Detailed exposition of these methods and examples of their use in a range of applications has been reviewed elsewhere [8, 9]. The aim of this study is to identify which methods are currently used in economic evaluation studies employing observational data and discuss the scope and scientific quality of the current evidence-base, in order to identify gaps in our knowledge and to consider the future research agenda.


Eligibility criteria and identification strategy

A review of the international English language literature was undertaken. The eligibility criteria for inclusion required studies to be full economic evaluations as defined by Drummond et al. [10] and use observational microdata referring to the same population for both the cost and effectiveness outcome. The review placed particular emphasis on identifying methods than including all applications. As such, only studies that demonstrated some modification in the methodology addressing selection bias were included. In addition, studies should use an econometric method to adjust at least one of the cost, effectiveness and cost-effectiveness outcomes.

The studies reviewed were identified using a four-stage process. First, three generic electronic bibliographic databases, namely MEDLINE, EMBASE, and Econlit were searched through the OvidSP interface in order to generate as many papers of potential methodological interest as possible for the years 1990-2010. Second, additional searches for the same time period were carried out in three specialised databases: NHS EED, HEED and CEA Registry. The search strategy, which was adapted for each database, combined and interacted the terms “cost*”, “effect*”, “benefit*”, “cost-effective*” and “cost-benefit*”, with “matching”, “stratification”, “regression*”, “propensity score*”, “instrumental variable*”, “difference in difference*”, “control function” and “discontinuity”. Third, the database searching was supplemented by communicating with other experts. The expert communication involved sending a brief outline of the review objectives, together with a list of key publications to individuals working in similar research areas. Colleagues were requested to suggest further published, unpublished or work-in-progress research for inclusion in the review. Experts were identified through the literature, known contacts and posting on relevant online discussion lists. Fifth, an examination of the references and the citations of all eligible studies was undertaken, with a view to identify further papers that were not already captured during the previous stages.

Review process

In methodologically allied sciences such as epidemiology, a checklist of items that should be included in studies reporting observational research has been established [11]. In the absence of a similar methodological inquiry for economic evaluation, all papers here were reviewed using a custom-made structured template, (Additional file 1) the development of which was informed by a conceptual review of non-experimental methods that can be used for the evaluation of treatment effects.

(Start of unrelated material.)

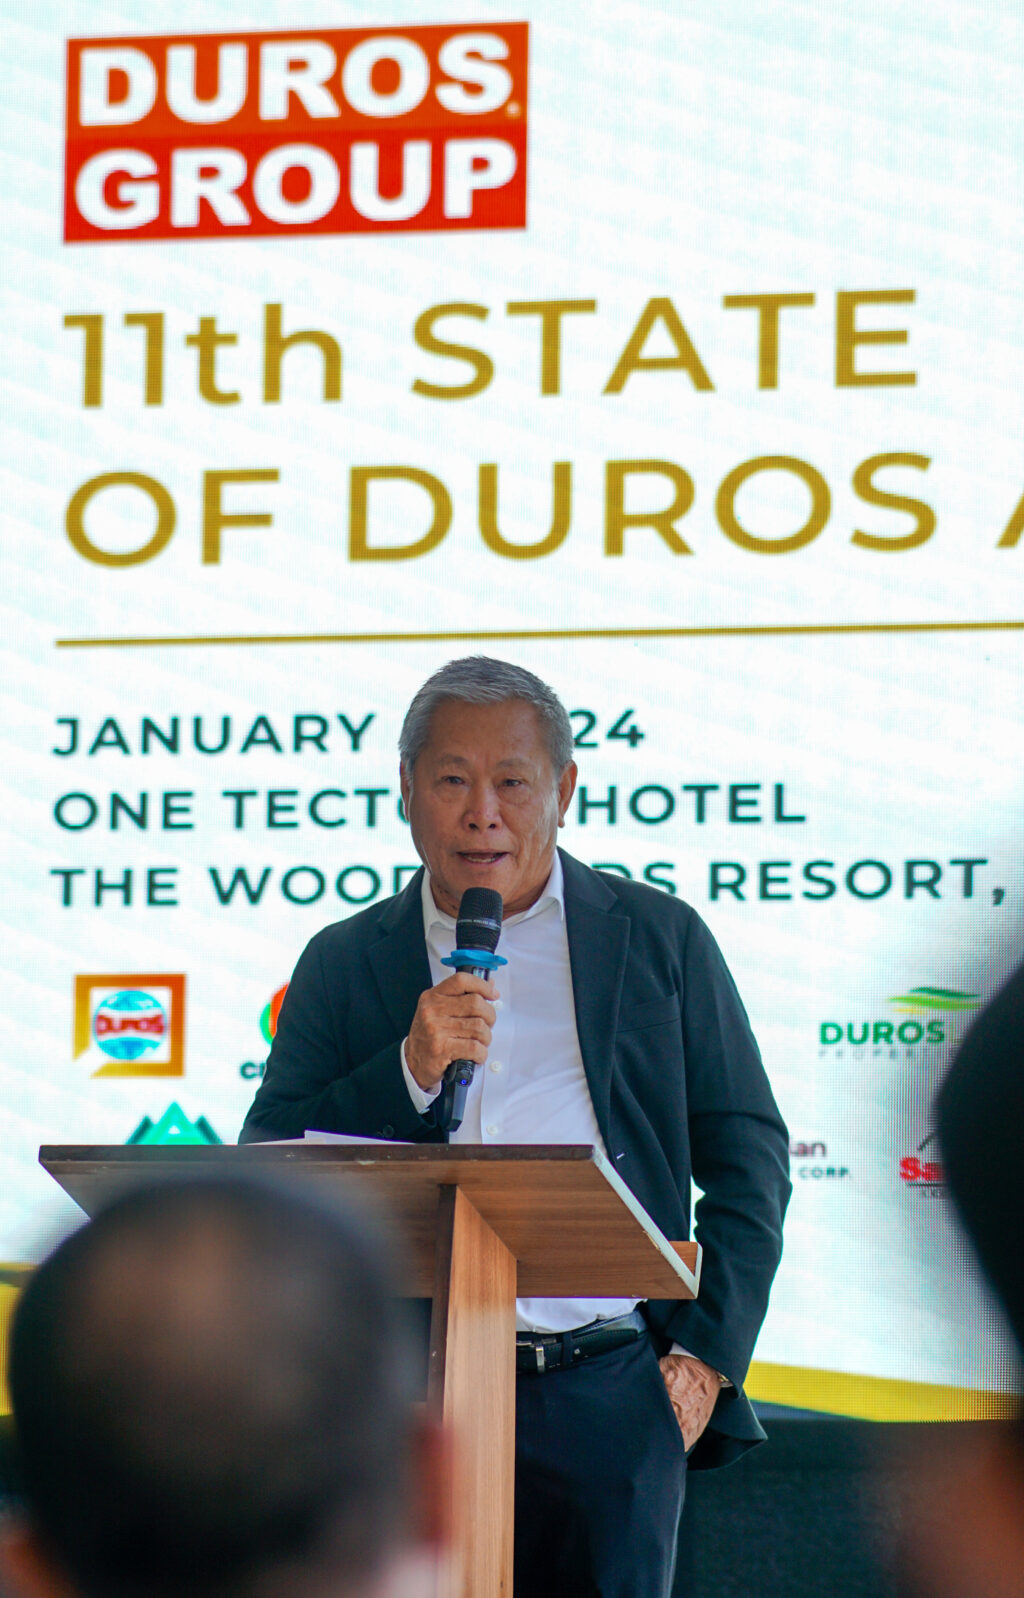 Duros Chaiman of the Board Addresses the employees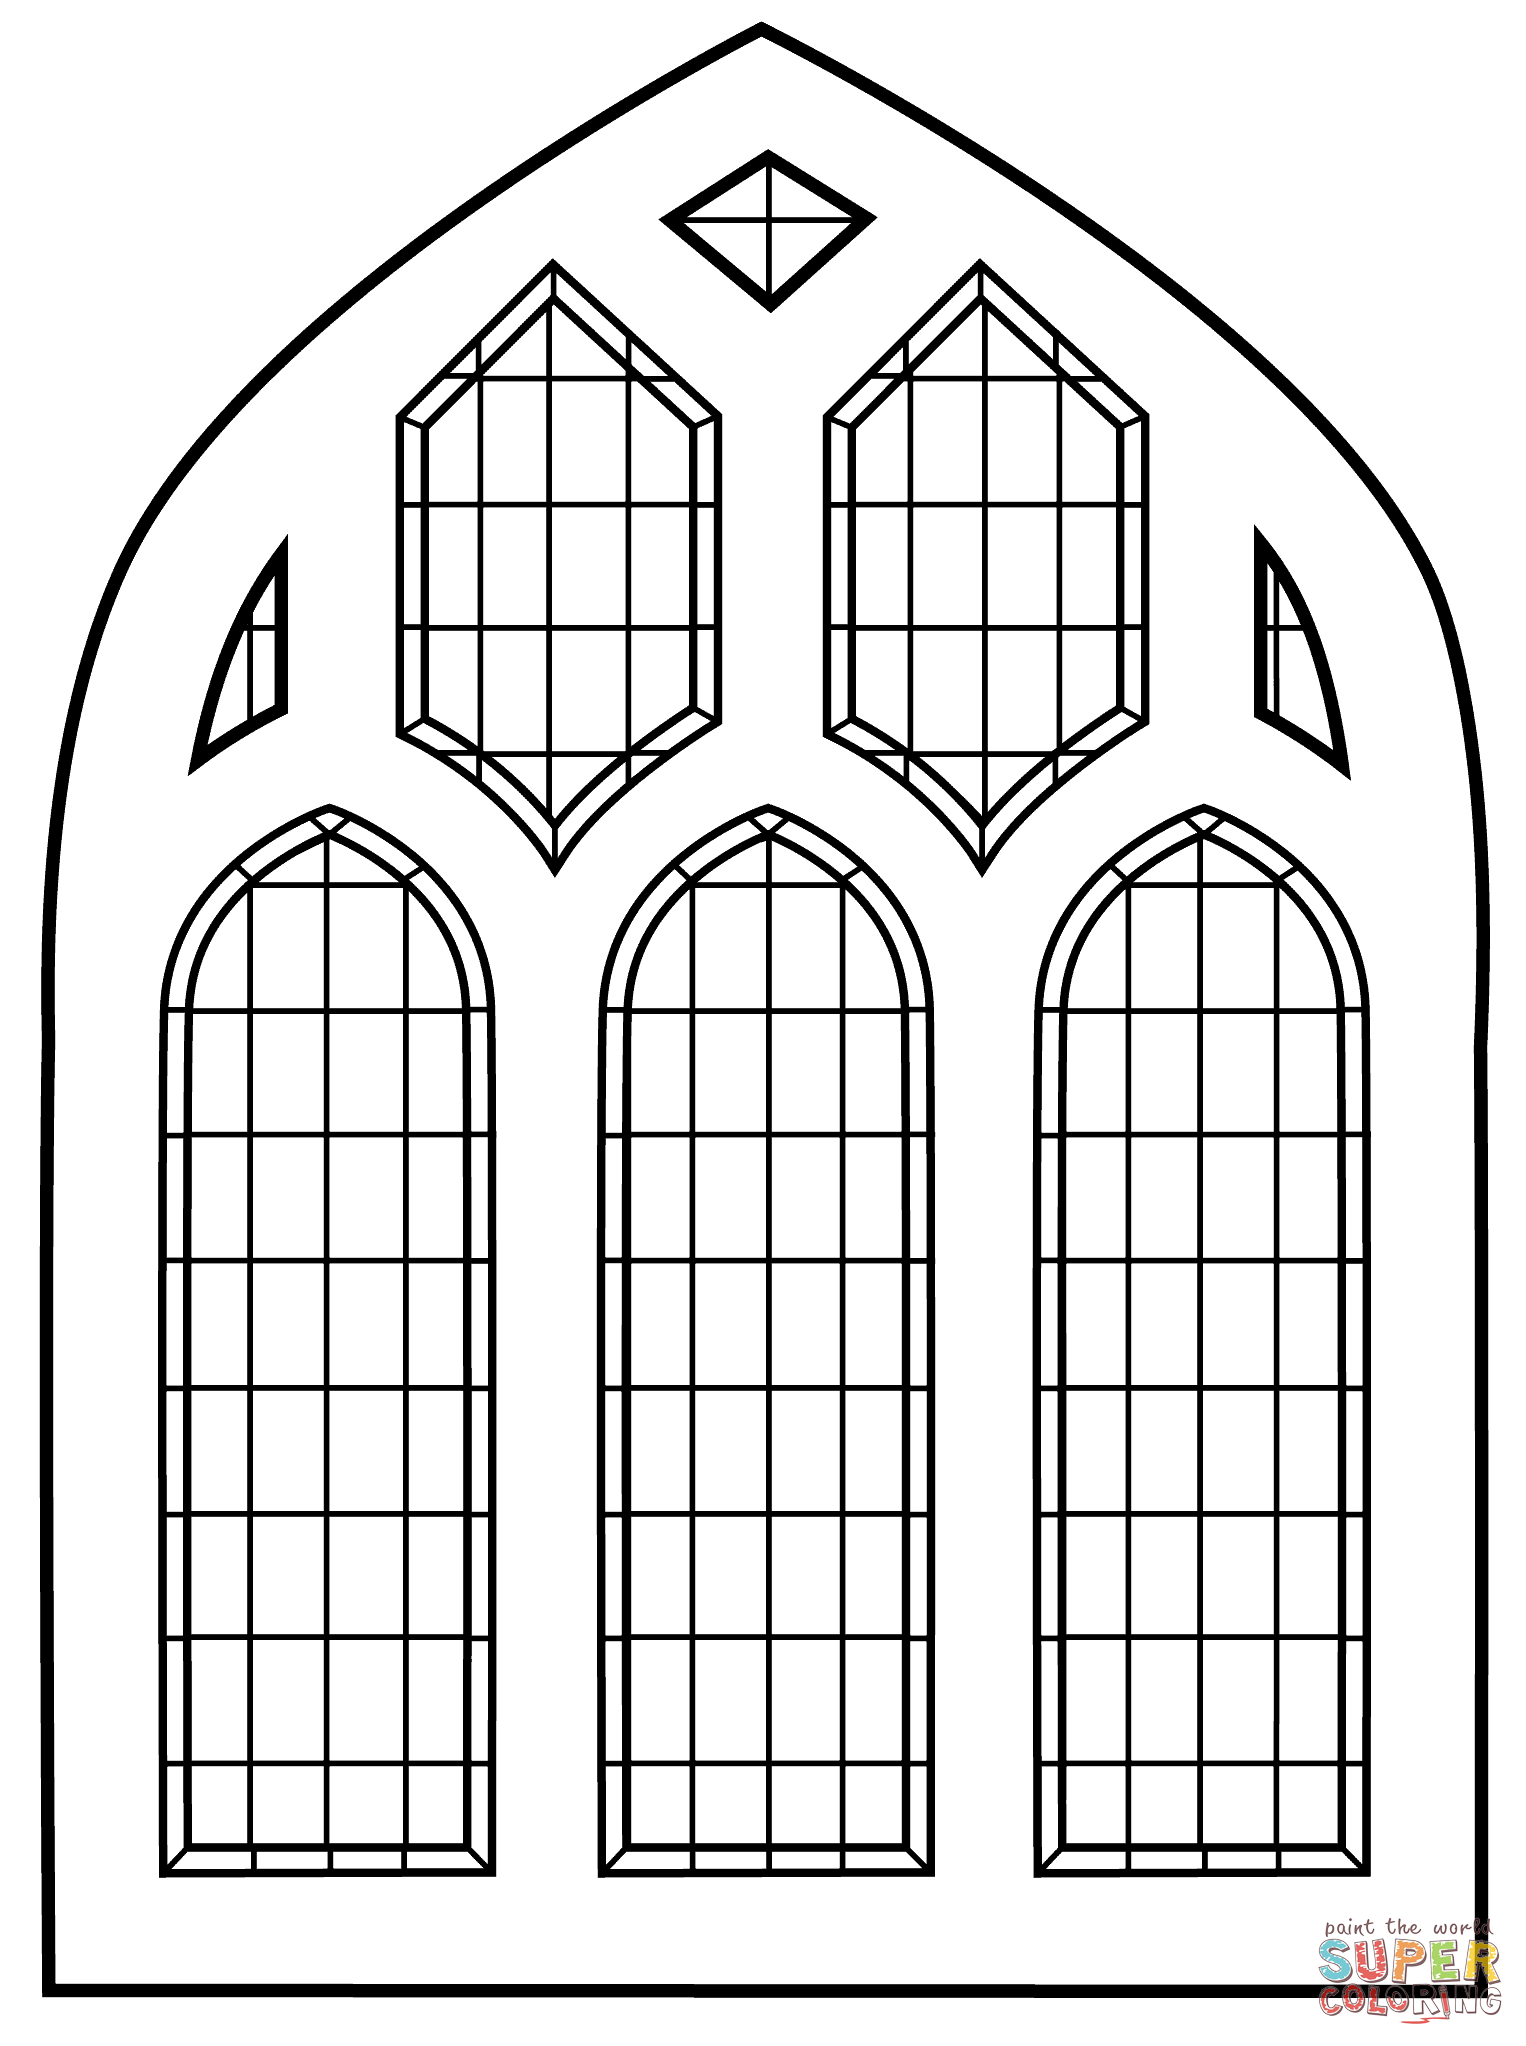 Stained Glass Window coloring page | Free Printable Coloring Pages

The template comprised of three parts aiming to extract relevant factual information from each study and critically appraise important aspects of their methodology. More specifically, the first part recorded general characteristics such as bibliographic information, the type of economic evaluation undertaken, whether a summary cost-effectiveness outcome measure was used, as well as the interventions evaluated. In the second part, the template focused on extracting the method(s) adjusting for selection bias, the estimation techniques employed and whether adjustment was undertaken for costs, effectiveness or cost-effectiveness. Any comparisons with other methods or studies, the types of uncertainty evaluated and the authors’ conclusions with respect to the ability of methods to adjust for selection bias were also extracted. Finally, the third part recorded information relating to the justification of choice of method and the specification(s) used, as well as whether any relevant tests or graphical analyses were carried out. A reviewer’s assessment concerning potential weakness of the study was also included. This was based on the extracted information as these were provided by the authors and placed particular emphasis on assessing the plausibility of the assumptions postulated by the analytical method employed.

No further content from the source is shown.